AutoFR Dataset

The AutoFR dataset is broken down by each site that we crawl within a zip file. It contains multiple different experiments that we conducted in our paper. The overall dataset contains 1042 sites that we crawled where we detected ads within the Top-5K. This page details the dataset’s format and provides a form to request access to the dataset at the bottom of the page. By requesting access to the datasets, you agree to the terms of the dataset license below.

Dataset Overview

Our dataset contains 1042 zips, one per-site. This includes a Top5K_rules.csv that aggregates the results of each site and its corresponding rules that we generated using AutoFR.

Below, we summarize each directory within each zip file and how it corresponds to each experiment. Recall that each zip file corresponds to a site.
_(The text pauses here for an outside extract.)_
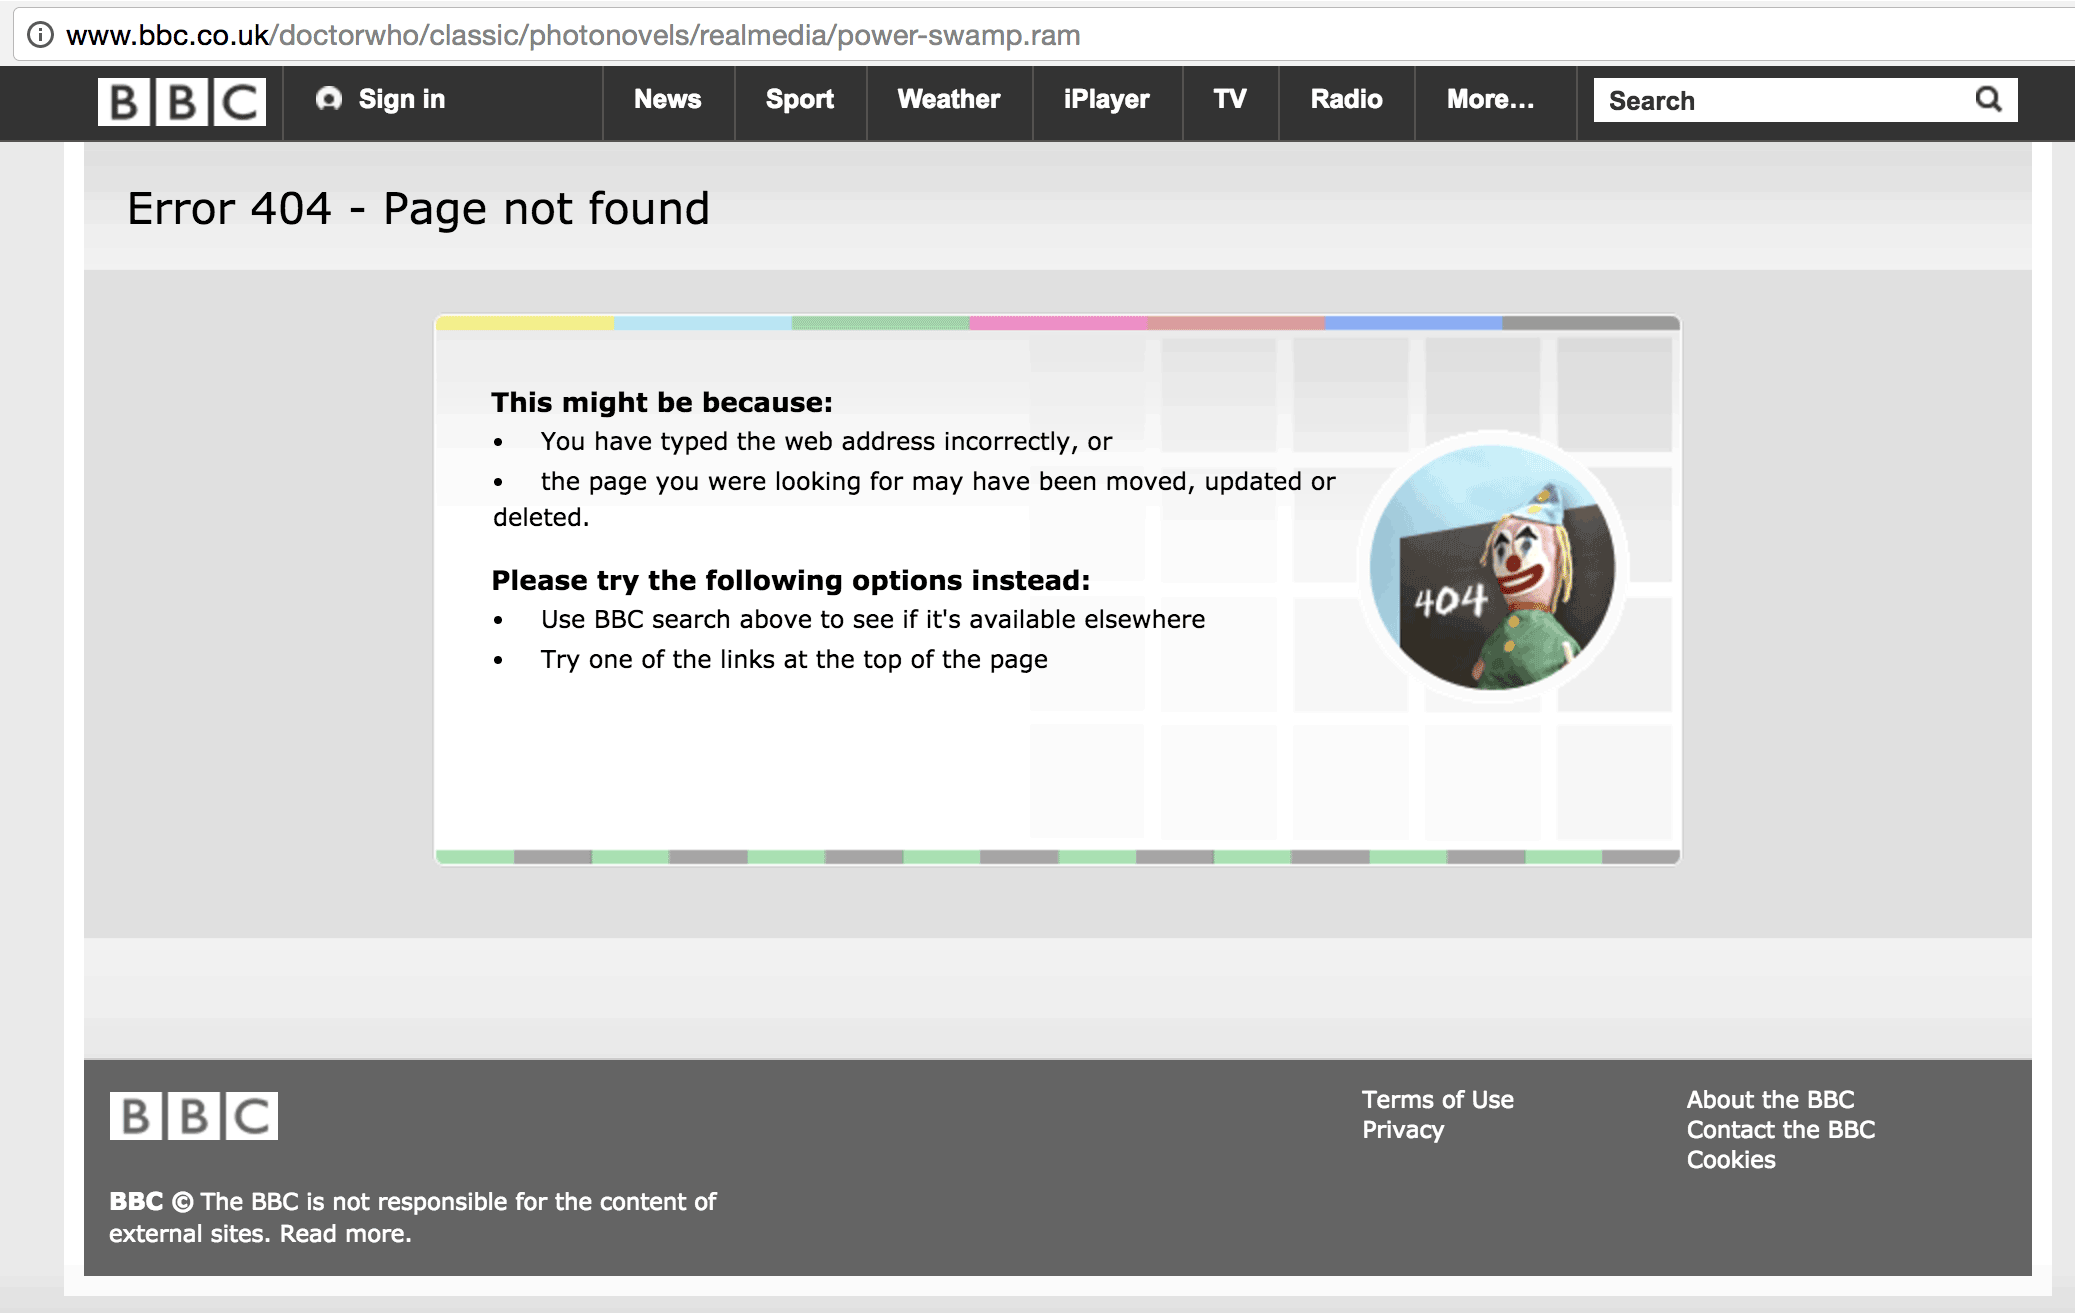 The BBC 404 page

  • Reward: These directories contain our output from running the AutoFR Algorithm (see Sec. 5 on how we evaluated the rules that we generated).
  • Snapshots: These directories contain our site snapshots (see Sec. 4 on how we collect site snapshots, Sec. 5.1 and Table 3 column 1).
  • Init: These directories contain the 10 visits to the site to collect the outgoing HTTP requests, which are needed to build our action space. This corresponds to the INITIALIZE procedure of our AutoFR algorithm (see Sec. 3.2.1, 3.3, and Fig. 4).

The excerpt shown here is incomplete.